The TP2051 is a MOSFET output stage that level-shifts the signal processor’s 5V switching patterns
to the power supply voltages and drives the power MOSFETs. The power MOSFETs are N-channel
devices configured in full-bridges and are used to supply power to the output load. The outputs of the
power MOSFETs must be low pass filtered to remove the high frequency switching pattern. A
residual voltage from the switching pattern will remain on the speaker outputs when the
recommended output LC filter is used, but this signal is outside of the audio band and will not affect
audio performance.
Circuit Board Layout
The TK2051 is a power (high current) amplifier that operates at relatively high switching frequencies.
The output of the amplifier switches between VPP and VNN at high speeds while driving large
currents. This high-frequency digital signal is passed through an LC low-pass filter to recover the
amplified audio signal.
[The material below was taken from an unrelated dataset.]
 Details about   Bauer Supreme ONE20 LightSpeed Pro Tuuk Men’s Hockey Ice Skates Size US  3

Since the amplifier must drive the inductive LC output filter and speaker loads,
the amplifier outputs can be pulled above the supply voltage and below ground by the energy in the
output inductance. To avoid subjecting the TK2051 to potentially damaging voltage stress, it is critical
to have a good printed circuit board layout. It is recommended that Tripath’s layout and application
circuit be used for all applications and only be deviated from after careful analysis of the effects of any
changes.
The following components are important to place near their associated TC2000/TP2051 pins and are
ranked in order of layout importance, either for proper device operation or performance
considerations.
-
The capacitors CHBR provide high frequency bypassing of the amplifier power supplies and
will serve to reduce spikes across the supply rails. CHBR should be kept within 1/8” (3mm)
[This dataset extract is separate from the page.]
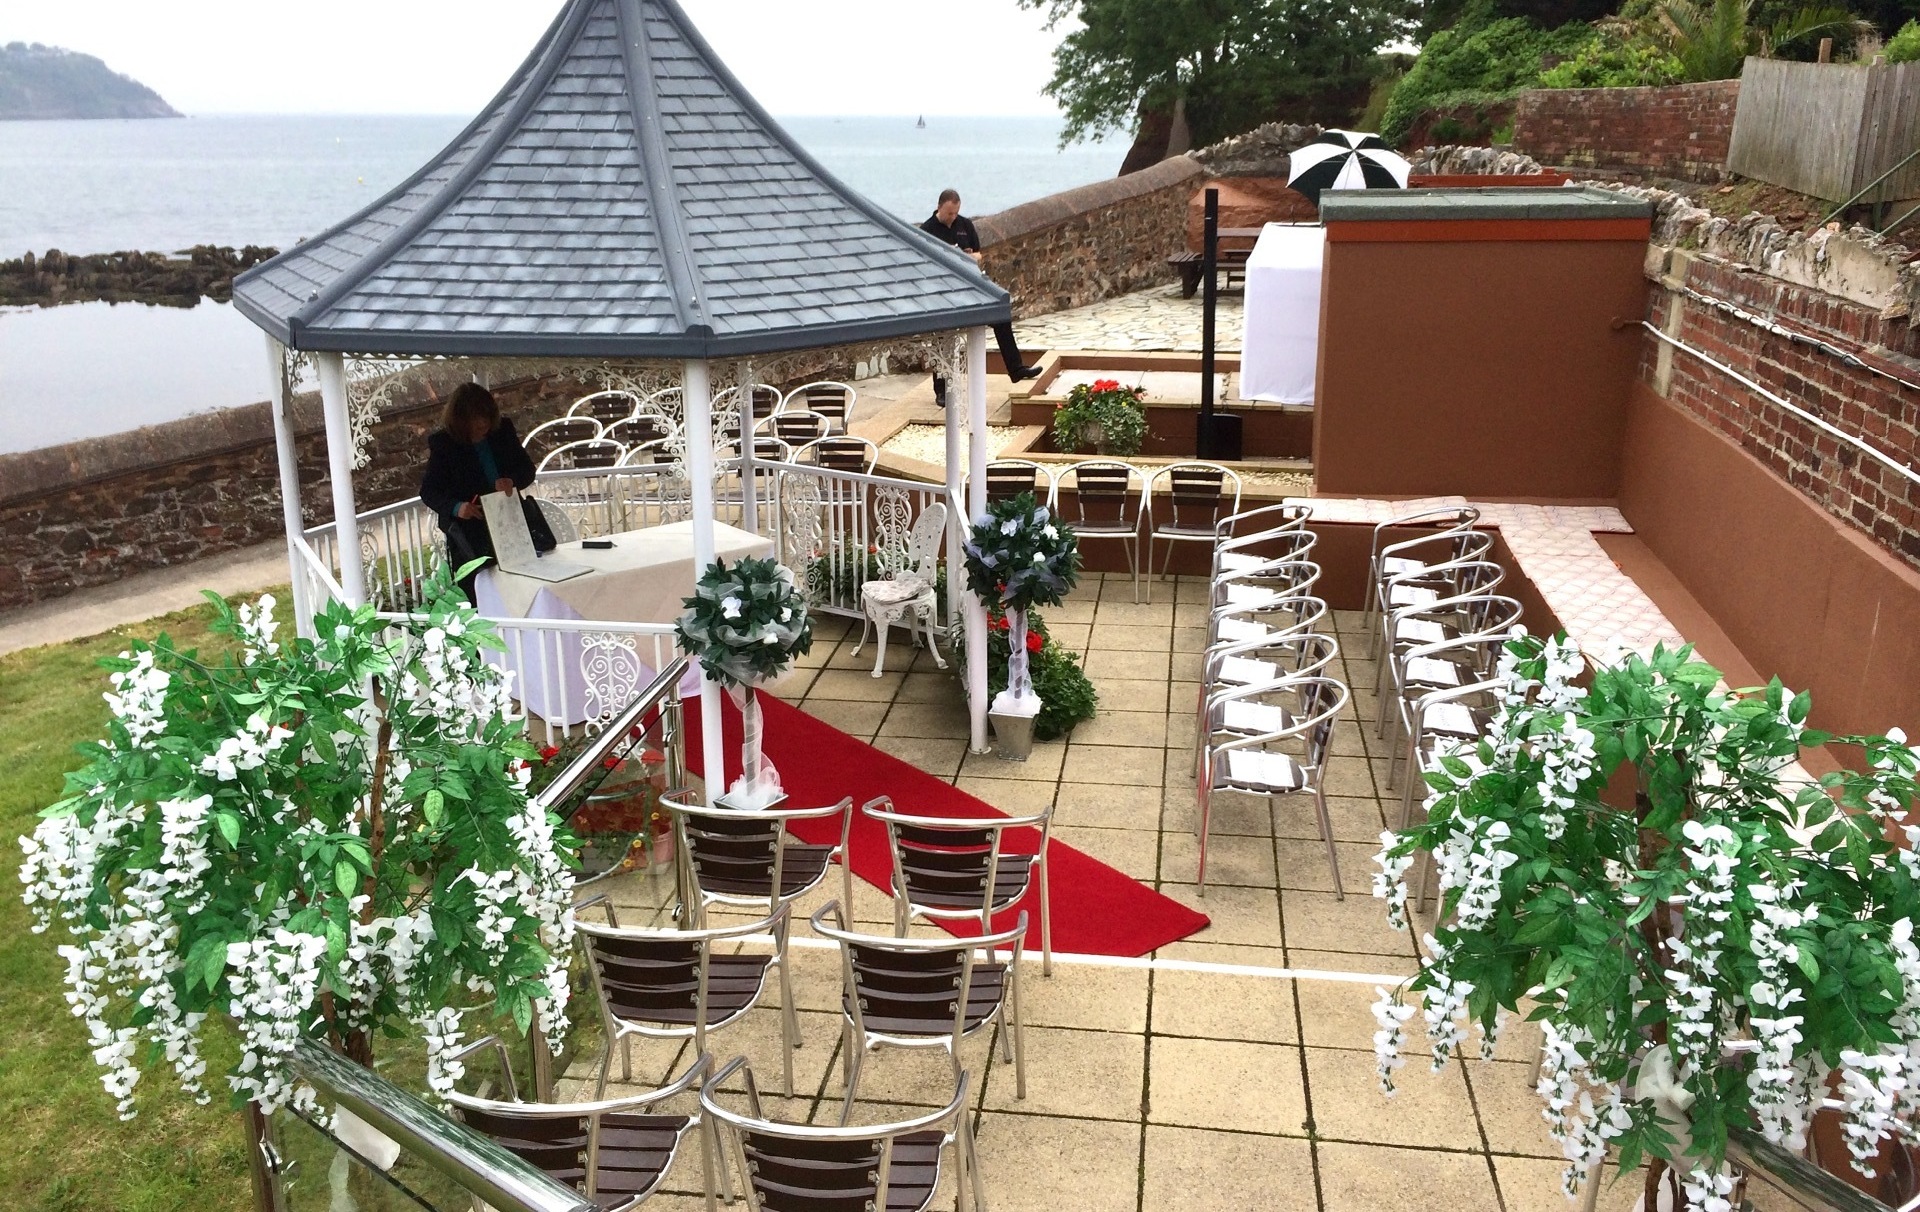 Wedding gazebo setup for a wedding ceremony outside on sun terrace

of the VCC pins. Please note that the four VCC pins must be decoupled separately. In
addition, the voltage rating for CHBR should be 50V as this capacitor is exposed to the full
supply range. Similarly, capacitor CS (one place) should be located as close as possible to
the VCC pins on TP2051.
-
CFB removes very high frequency components from the amplifier feedback signals and
lowers the output switching frequency by delaying the feedback signals. In addition, the
value of CFB is different for channel 1 and channel 2 to keep the average switching
frequency difference greater than 40kHz. This minimizes in-band audio noise.
-
To minimize noise pickup and minimize THD+N, RFBC should be located as close to the
TC2000 as possible. Make sure that the routing of the high voltage feedback lines is kept
far away from the input op amps or significant noise coupling may occur. It is best to shield
the high voltage feedback lines by using a ground plane around these traces as well as the
input section.
In general, to enable placement as close to the TC2000/TP2051, and minimize PCB parasitics, the
capacitors listed above should be surface mount types.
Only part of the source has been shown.